Initialization and Reset Methods

The stable characteristics of a DIAC make resetting ON pixels and display initialization quite easy and dependable. Below is the waveform we are currently developing. This waveform takes advantage of the DIAC's high speed switching characteristic. The ramp is used to drive a momentary discharge that triggers and ends rapidly. The holding current characteristic requires a certain current to maintain conductivity. The capacitivly coupled ramp is slow and does not provide sufficient current to maintain a discharge.
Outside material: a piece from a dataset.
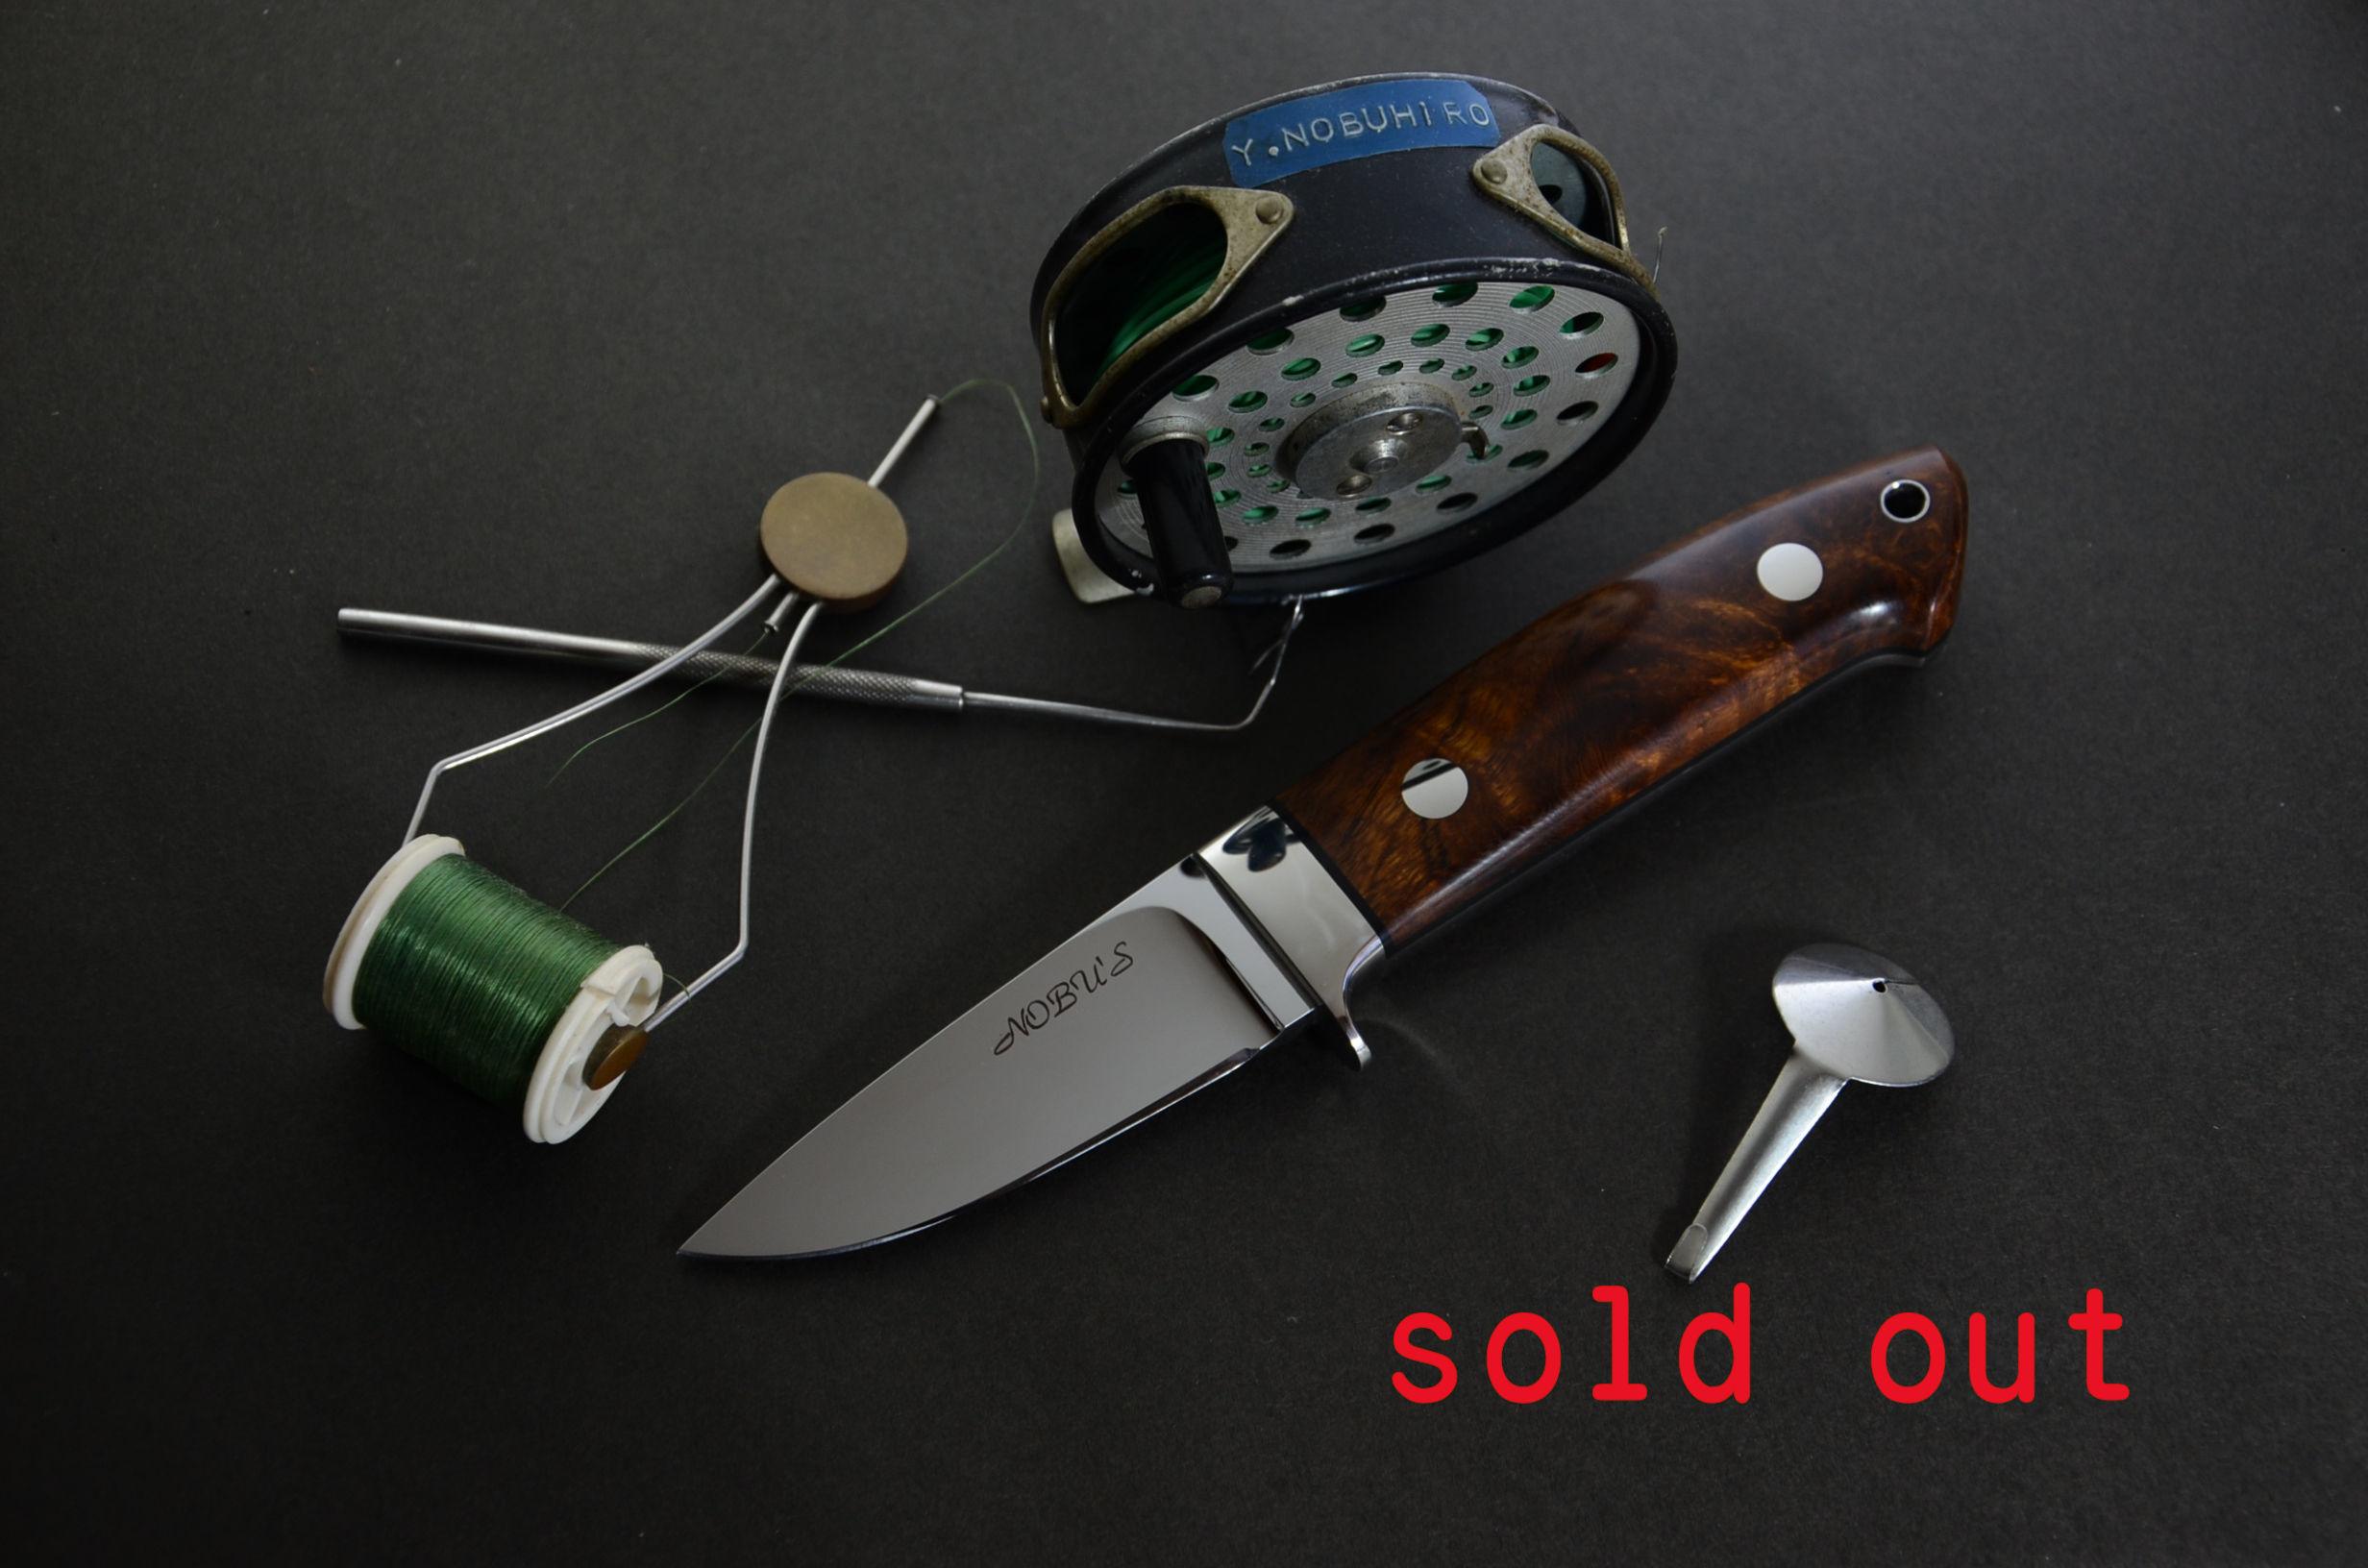 銀座ブレーショーの完売品_e0327983_09355248.jpg

Reset and Initialization Waveform

Resetting ON Cells

The supply voltage Vs is used to supply the driving pulses. The last illumination discharge occurs with falling transition prior to T0. Consequently, the illumination cell is ready to be triggered at time t0. The figure shows voltage V0 being applied at time t0. Voltage Vo is not high enough to trigger the illumination cells, but it is set to be close to a minimum trigger voltage V1. The voltage range V1-V1 is the range where cells will trigger. As each ON cell triggers between times t1 and t2, the slowly rising ramp does not provide enough current to keep the DIAC in the conduction region. The result is a resetting of the cell to the OFF state. For convenience, a reset pulse can ramp up to voltage Vs.

Initialization

AC-coupled circuits require initialization. A DIAC based memory cell is no exception. Our waveform continues to ramp up to a voltage Vset at time t3. Visibly, it does not appear to do anything. It does NOT trigger a discharge on each application. Rather, Vset applies enough voltage to trigger the cells on power up, and will correct unstable cell voltages if they occur. Essentially, it creates a reference level for the AC-coupled cells. By using this approach, there is no background glow produced.